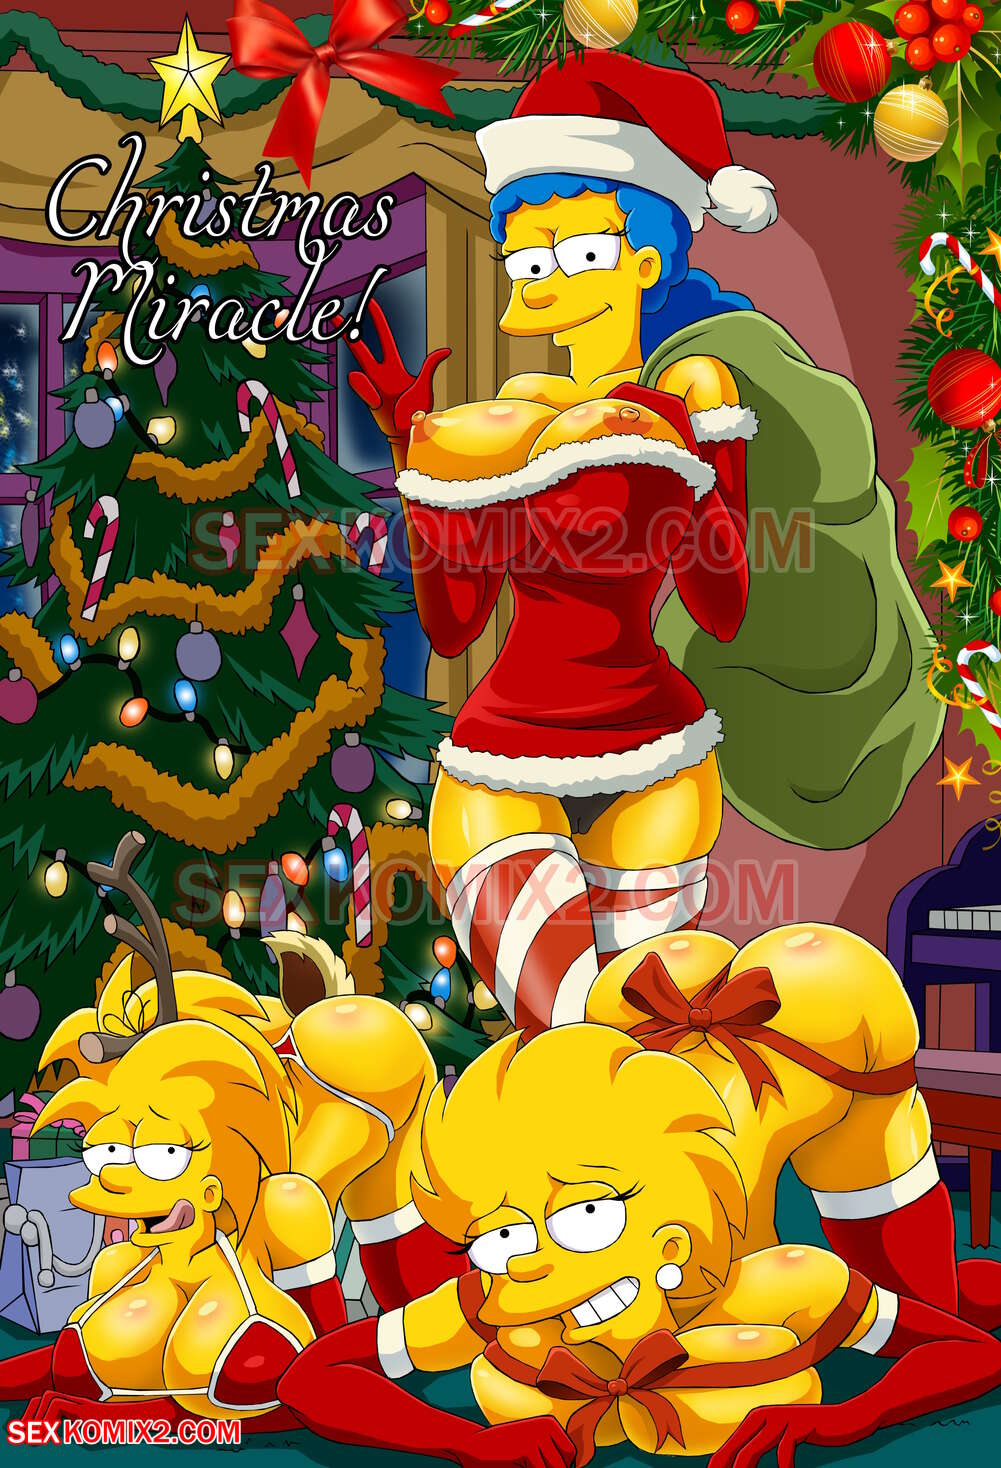 😈 Porn comic The Simpsons. Christmas Miracle. by sexkomix2.com ...
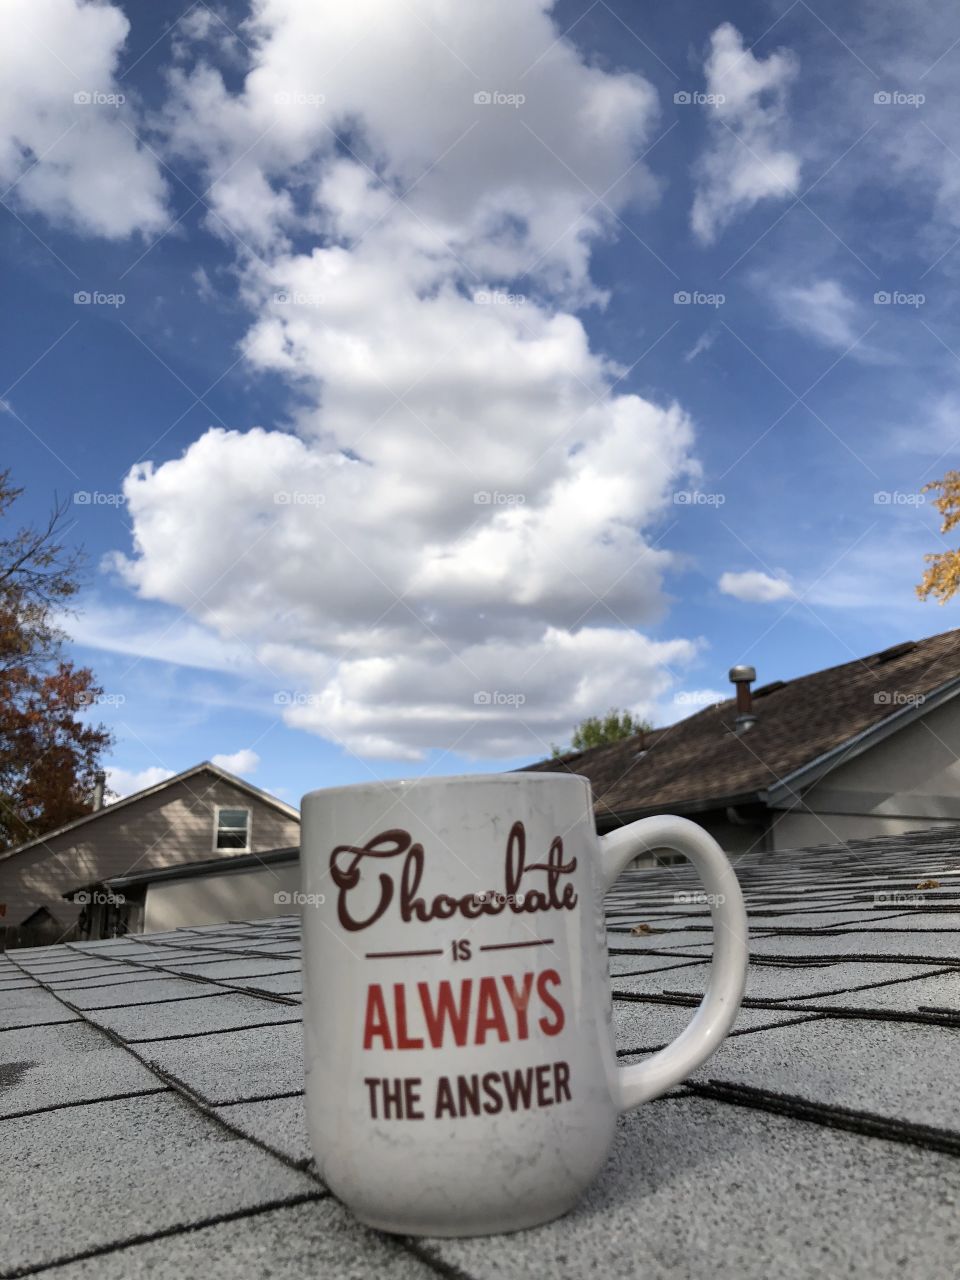 Hot chocolate on the rooftop
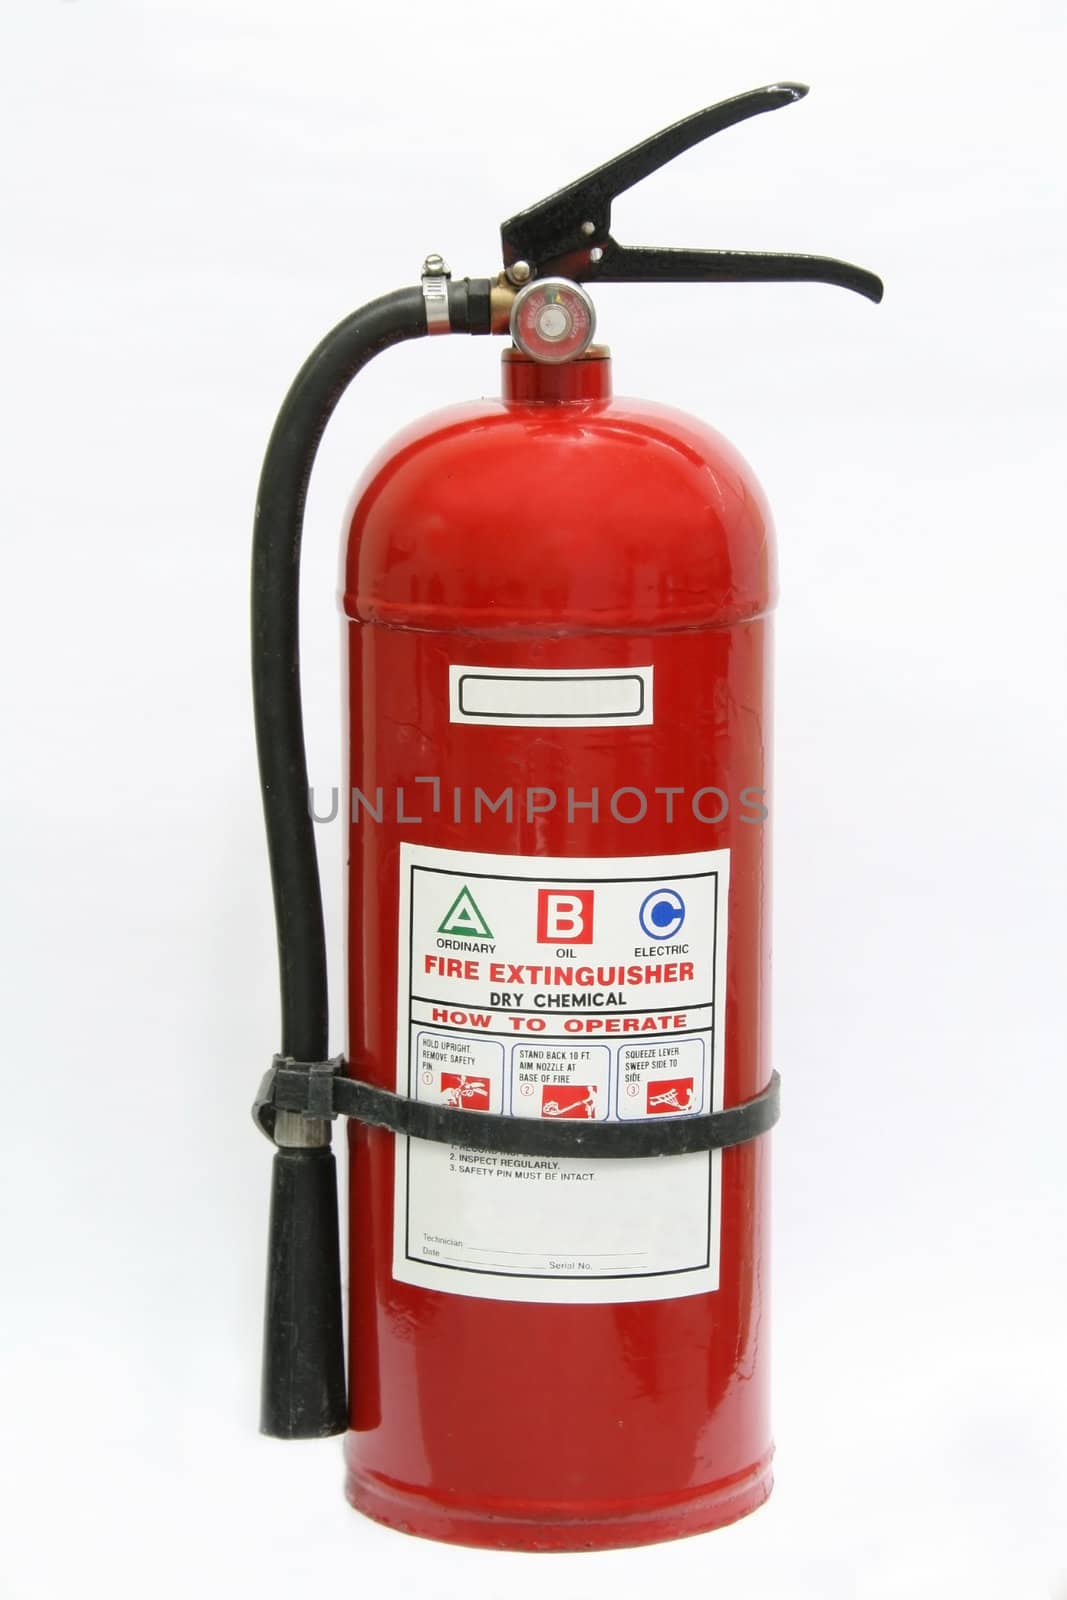 dry chemical fire extinguisher isolated on white background

TASK REQUIREMENTS »
Starting with the line that contains "Hot chocolate on the rooftop", reproduce every line down to the end of the listing above, both endpoints included. Pictures stay out.

YOUR RESPONSE »
 Hot chocolate on the rooftop
 dry chemical fire extinguisher isolated on white background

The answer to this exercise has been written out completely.